Key Insight: Confidence ≥ 0.7: reliable sync. Confidence < 0.3: requires manual verification.


4. Stage 2: Image Preprocessing

Enhancement Pipeline

Operations are applied in a specific order to prevent noise amplification:

Raw Frame → Bilateral Denoise → Gamma → CLAHE → Unsharp Mask → Enhanced Frame
              (reduce noise)    (brightness) (contrast) (edges)

Motion Deblurring (Considered but Not Used)

We experimented with RVRT (Recurrent Video Restoration Transformer) for motion deblurring. RVRT did improve motion clarity significantly, particularly for fast ballistic finger movements. However, we decided against including it for two reasons:

  1. Computational overhead: Processing 1080p video at 60 FPS required chunking into overlapping segments with 16-frame windows, leading to ~10× real-time processing even on high-end GPUs.
  2. Hallucination risk: Neural deblurring models can hallucinate plausible but incorrect textures and positions. For clinical applications where measurement accuracy is paramount, this introduces an unacceptable source of error — the model may "sharpen" a finger into a position it was never actually in.

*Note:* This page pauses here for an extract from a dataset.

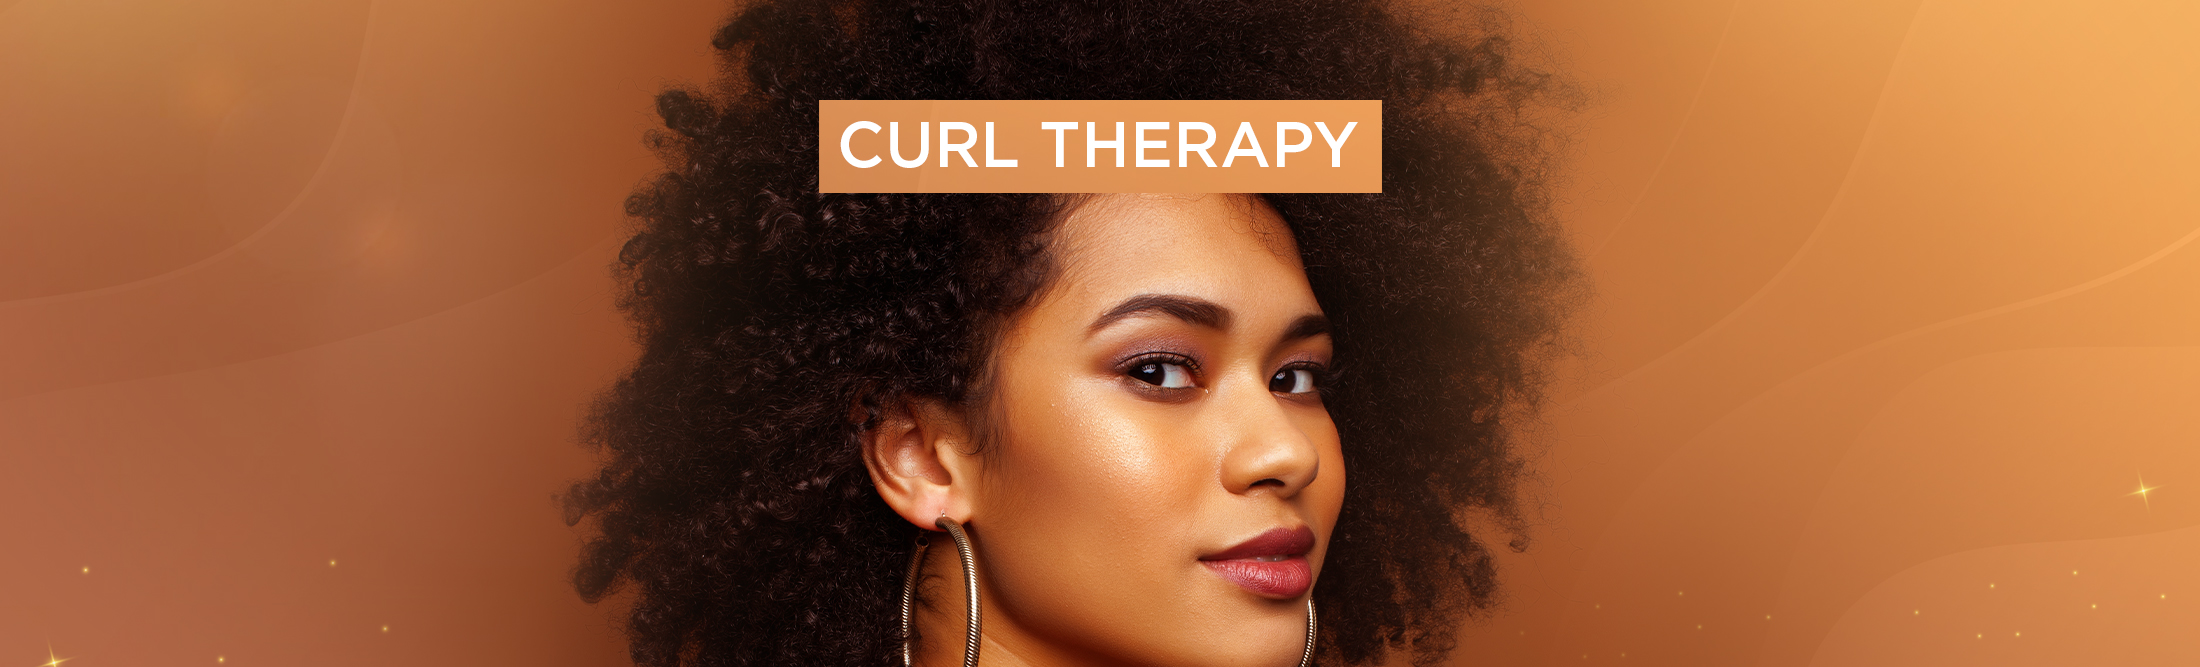 Curl Therapy

We rely on the enhancement pipeline (CLAHE, gamma, sharpening) which is computationally cheap and does not introduce hallucinated content.

Mathematical Formulations

Bilateral Denoising. Edge-preserving filter:

$$I_{\text{out}}(x) = \frac{1}{W_p} \sum_{x_i \in \Omega} I(x_i) \cdot f_r(|I(x_i) - I(x)|) \cdot g_s(|x_i - x|)$$

Gamma Correction:

$$I_{\text{out}} = I_{\text{in}}^{1/\gamma}$$

Values $\gamma &lt; 1$ brighten the image (e.g., $\gamma = 0.6 \Rightarrow I^{1.667}$).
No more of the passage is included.